Born Sept. 7, 1881, in Paris; died there July 13,1967. French Slavic philologist. Member of the Académic des Inscriptions et Belles-Lettres (1941).

Mazon studied at the Sorbonne and the University of Prague. From 1905 to 1908 he taught at Kharkov University and from 1919 to 1923 was a professor at the University of Strasbourg; from 1924 to 1951 he taught at the College de France. Mazon worked at the Institute of Living Oriental Languages (1909-14) and was honorary president of the Institute of Slavic Research at the University of Paris (1937-59); he was also vice-president of the International Committee of Slavists (1958-67).

Mazon was one of the founders and, from 1921, the editor of Revue des etudes slaves. An outstanding scholar in the field of Russian classical literature, Mazon published valuable works on Pushkin, Lermontov, Gogol, Goncharov, Turgenev, Herzen, Dostoevsky, and Tolstoy. He also studied Old Russian literature (The Tale of Igor’s Campaign and Zadonshchina). It was Mazon’s thesis that The Tale of Igor’s Campaign was written not in the 12th century, but rather in the 18th century; this hypothesis was convincingly criticized by a number of Soviet and foreign critics.
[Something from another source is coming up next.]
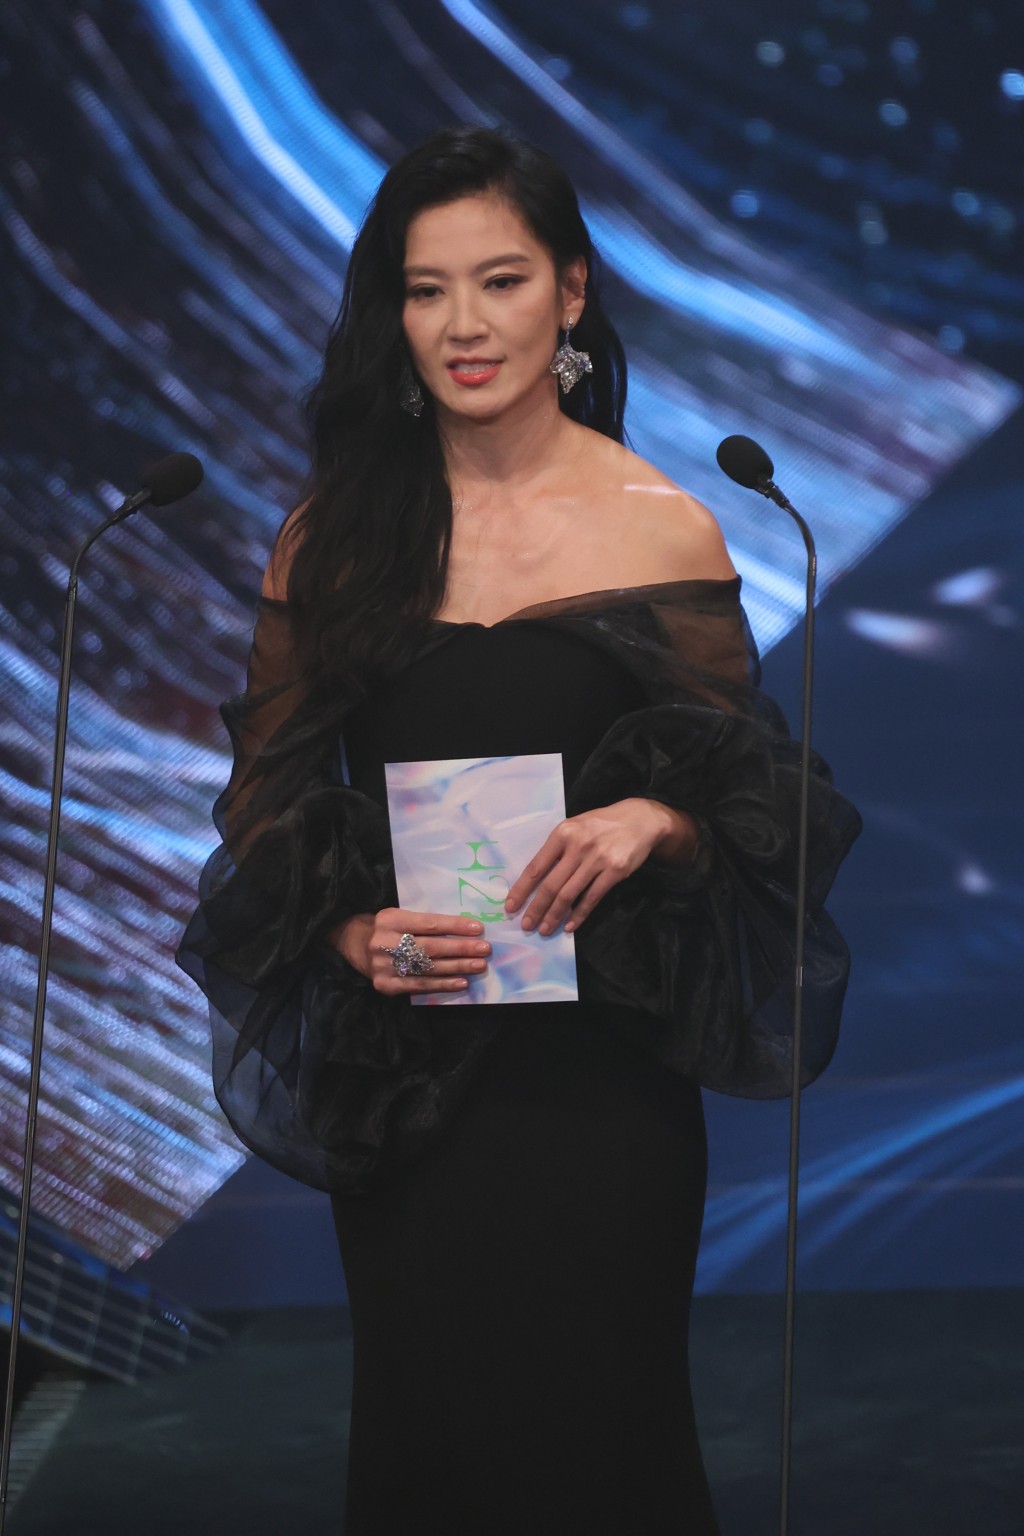 久未露面的台灣女星林熙蕾負責頒發獎項「最佳男配角」。  ​

Mazon wrote works on Russian and Czech grammar and on the morphology of the Russian verb. He was a member of the Academy of Sciences of the USSR (1928), the Polish, Bulgarian, and Czechoslovak academies of science, and other academies of the world.

WORKS

Vid v slavianskikh iazykakh: Printsipy iproblemy. Moscow, 1958. (Translated from French.)
Lexique de la guerre et de la revolution en Russie (1914-1918). Paris, 1920.
Emplois des aspects du verbe russe. Paris, 1914.
Grammaire de la langue tchèque. Paris, 1921.
Contes slaves de la Macédoine sudoccidentale. Paris, 1923.
Manuscrits parisiens d’Ivan Tourguénev. Paris, 1930.
Le Slovo d’Igor. Paris, 1940.
Grammaire de la langue russe. 3rd ed. Paris, 1949.